__Given material__.
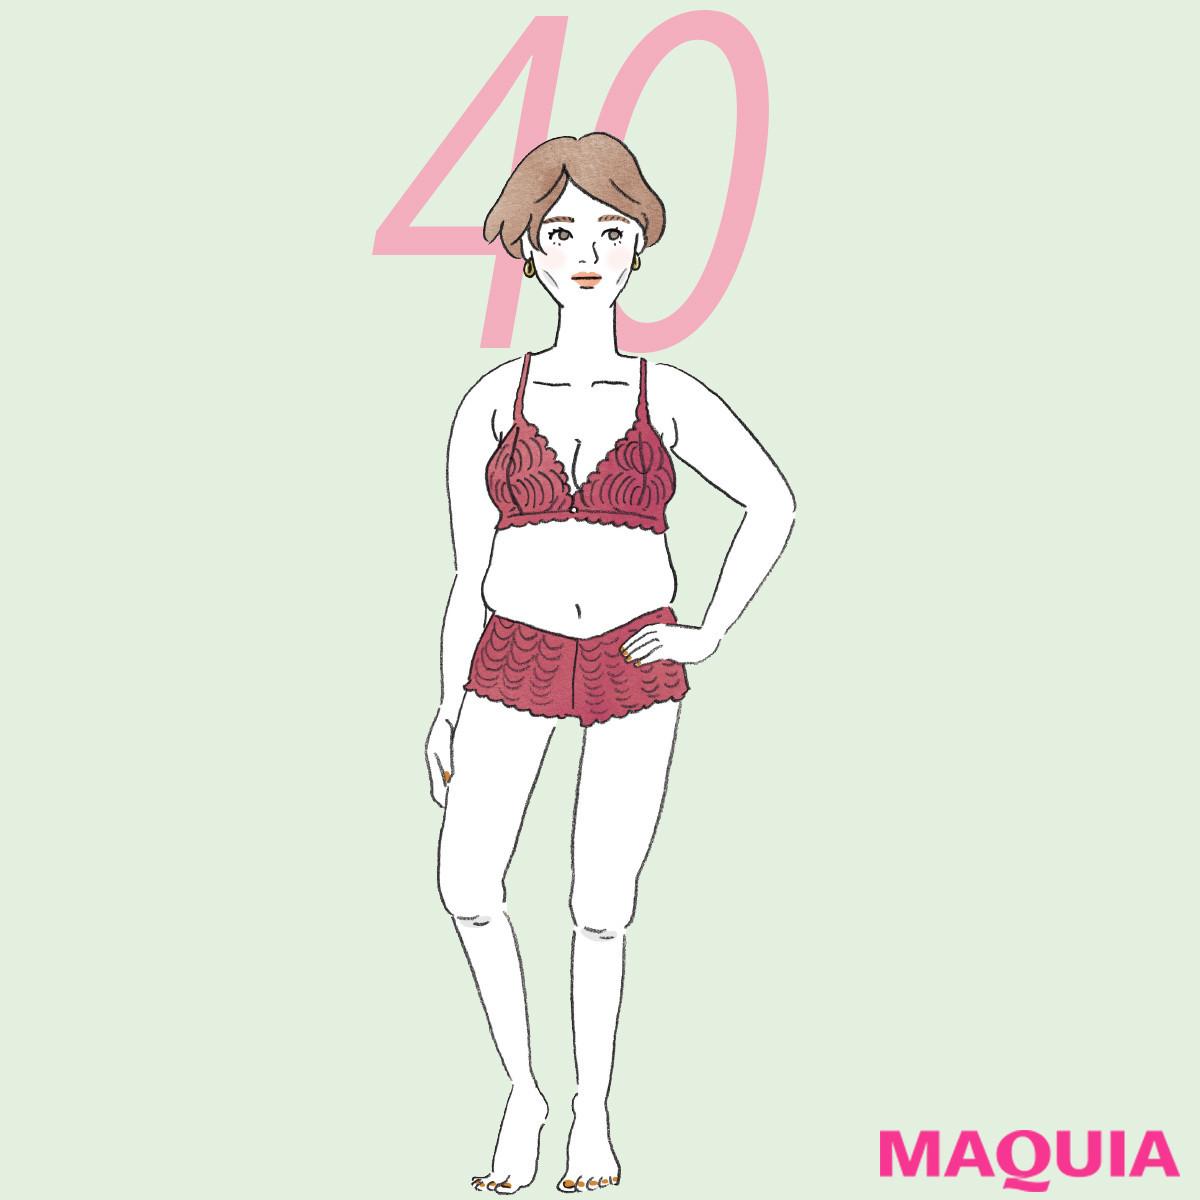 【痩せない理由】アラフォーが痩せにくい理由は? 痩せ体質になる秘策をダイエットのプロが伝授
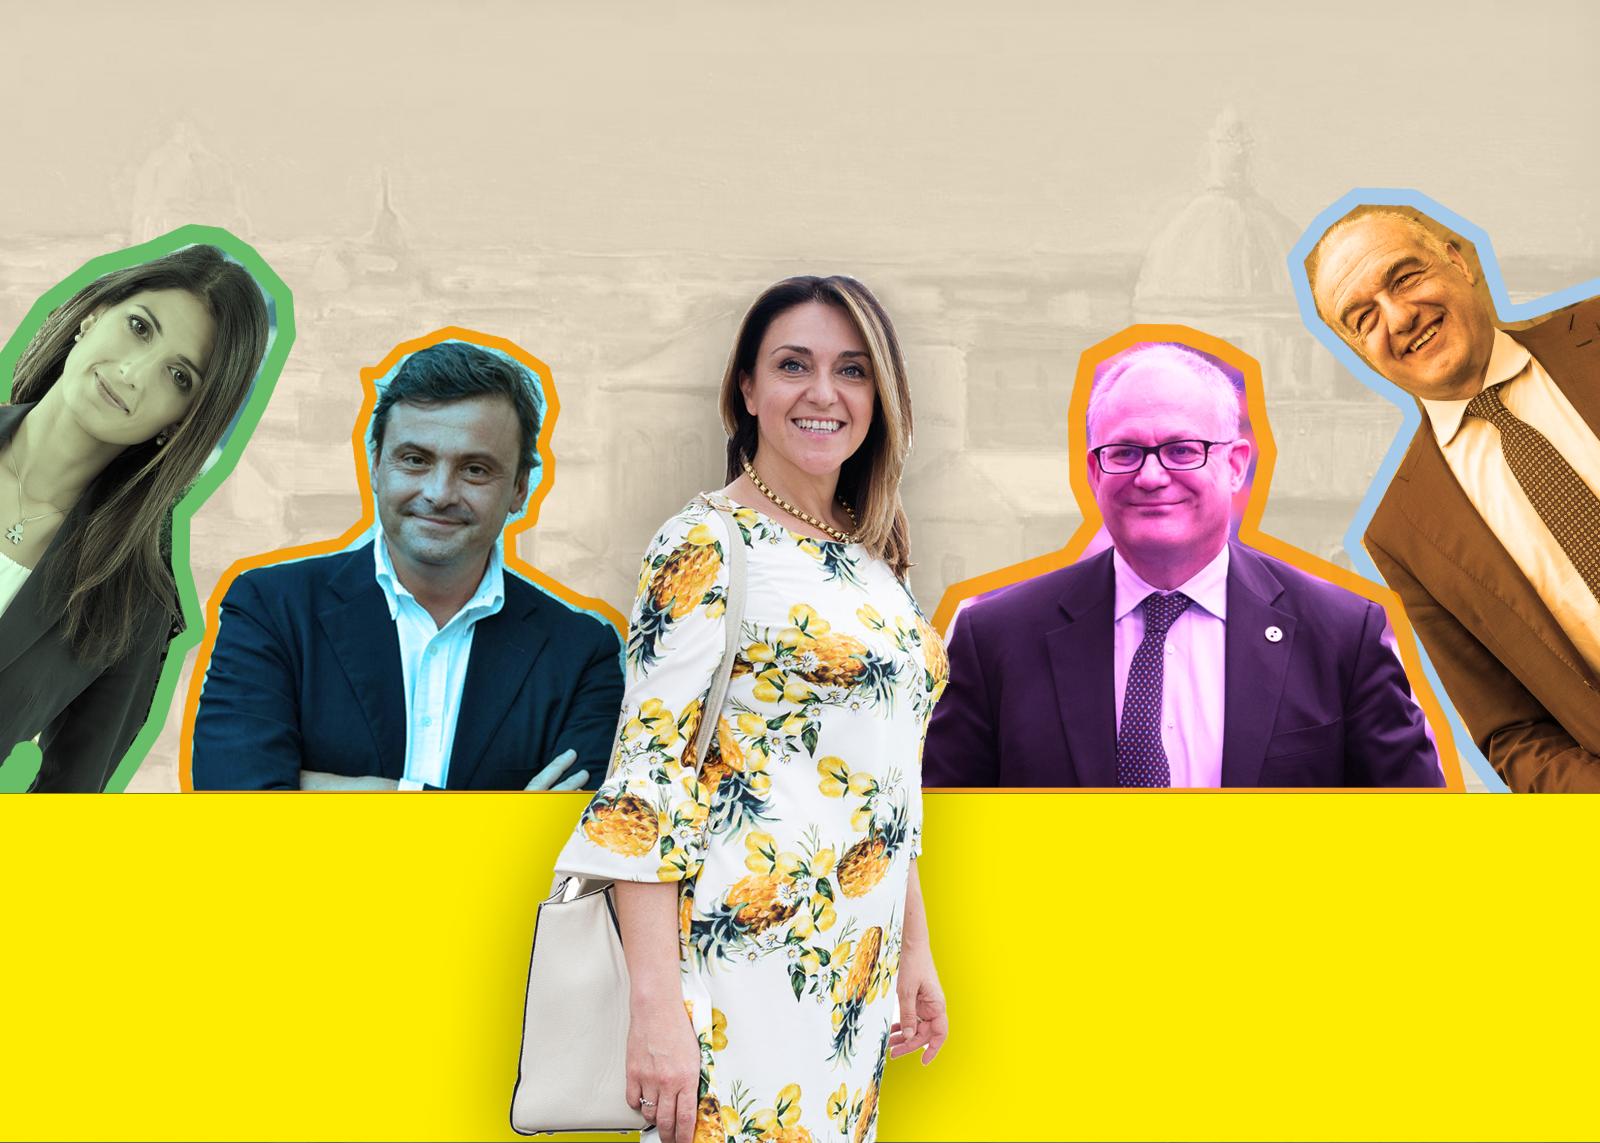 Silvia Rossi e i 4 candidati sindaci: Calenda, Raggi, Gualtieri, Michetti
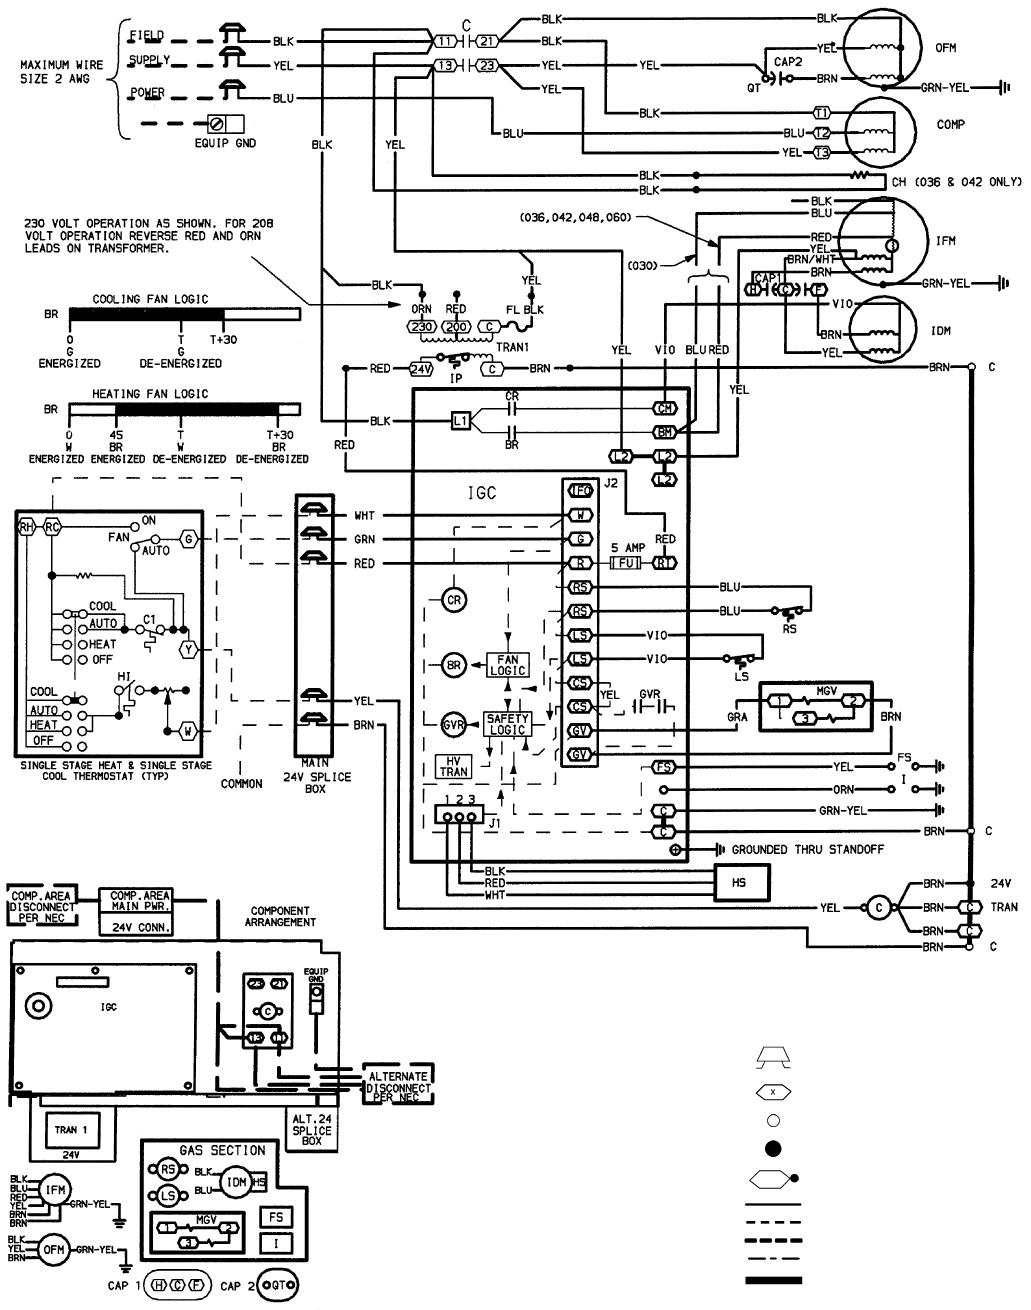 Bryant 588a 589a Fig 27 208 230 3 60 Wiring Diagram Units 588a030 060 7 Idm Wire

__What is needed__. Could you give back the full listing word for word, leaving out the images?

__Written answer__.
 【痩せない理由】アラフォーが痩せにくい理由は? 痩せ体質になる秘策をダイエットのプロが伝授
 Silvia Rossi e i 4 candidati sindaci: Calenda, Raggi, Gualtieri, Michetti
 Bryant 588a 589a Fig 27 208 230 3 60 Wiring Diagram Units 588a030 060 7 Idm Wire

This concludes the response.